*Exercise directions*. The task for the listing below is to write out exactly the lines starting at the one containing "Disney True Princess" and ending at the one containing "cute cartoon dumplings", both included. Pictures are to be omitted.

---------- Information given

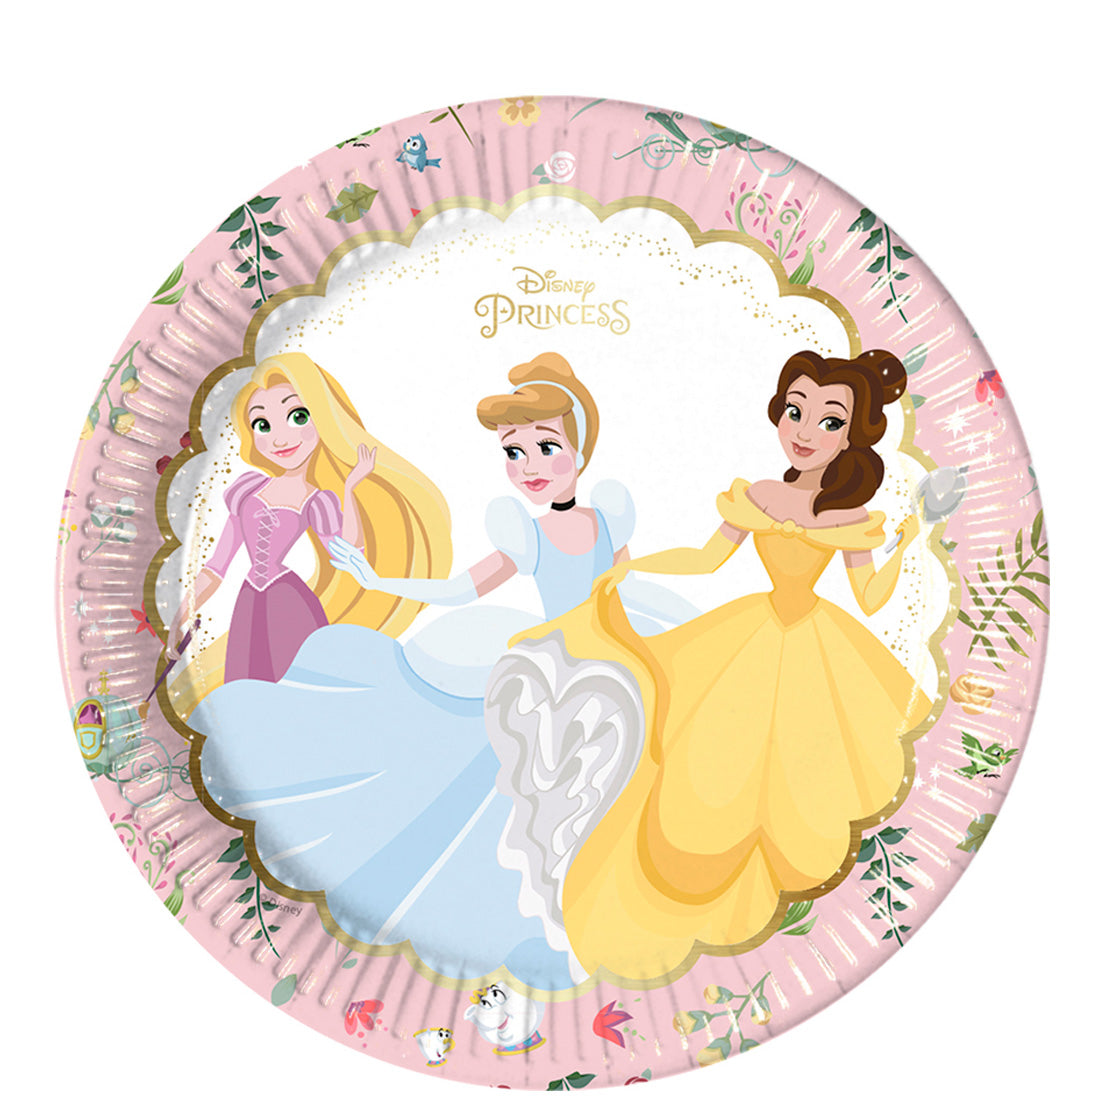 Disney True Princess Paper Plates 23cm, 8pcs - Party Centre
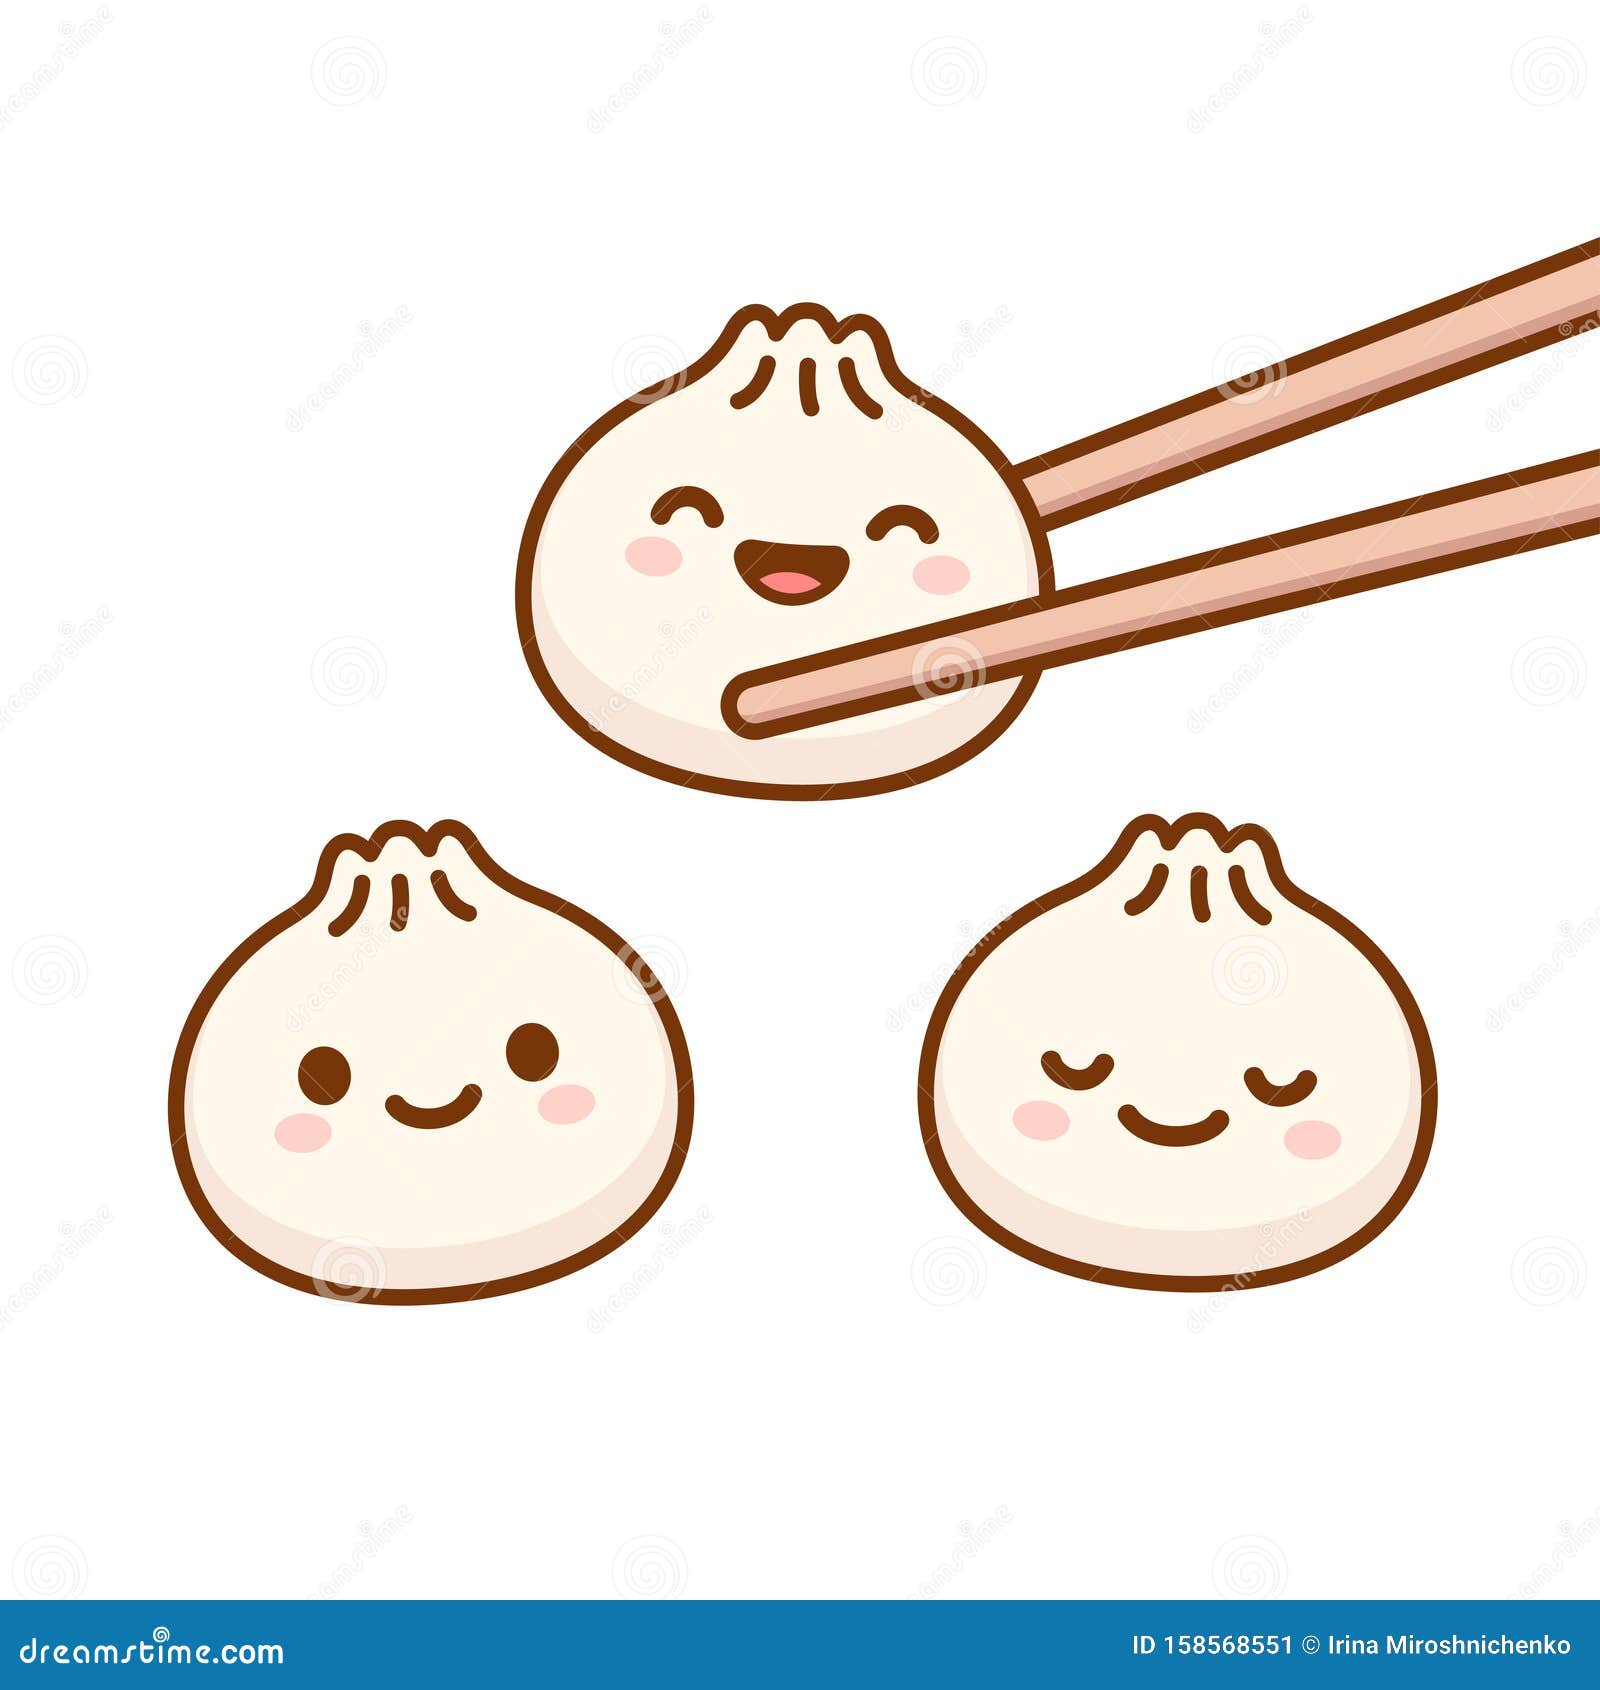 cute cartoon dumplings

--------------------
---------- Information given

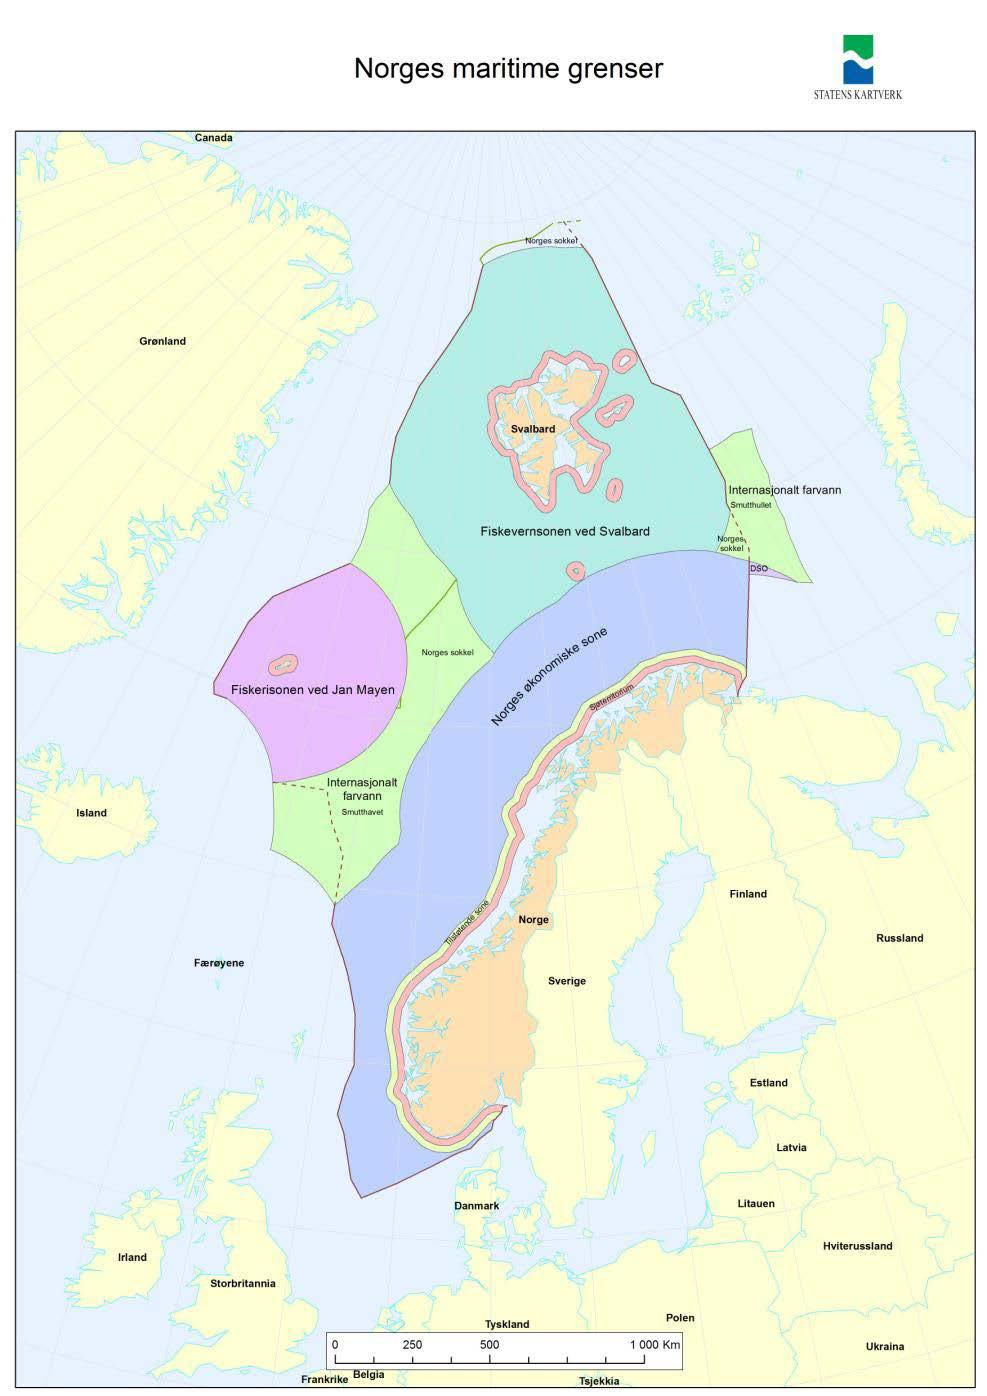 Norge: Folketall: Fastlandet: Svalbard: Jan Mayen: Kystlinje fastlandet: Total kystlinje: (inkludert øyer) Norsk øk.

--------------------

*Solution to this task*.
 Disney True Princess Paper Plates 23cm, 8pcs - Party Centre
 cute cartoon dumplings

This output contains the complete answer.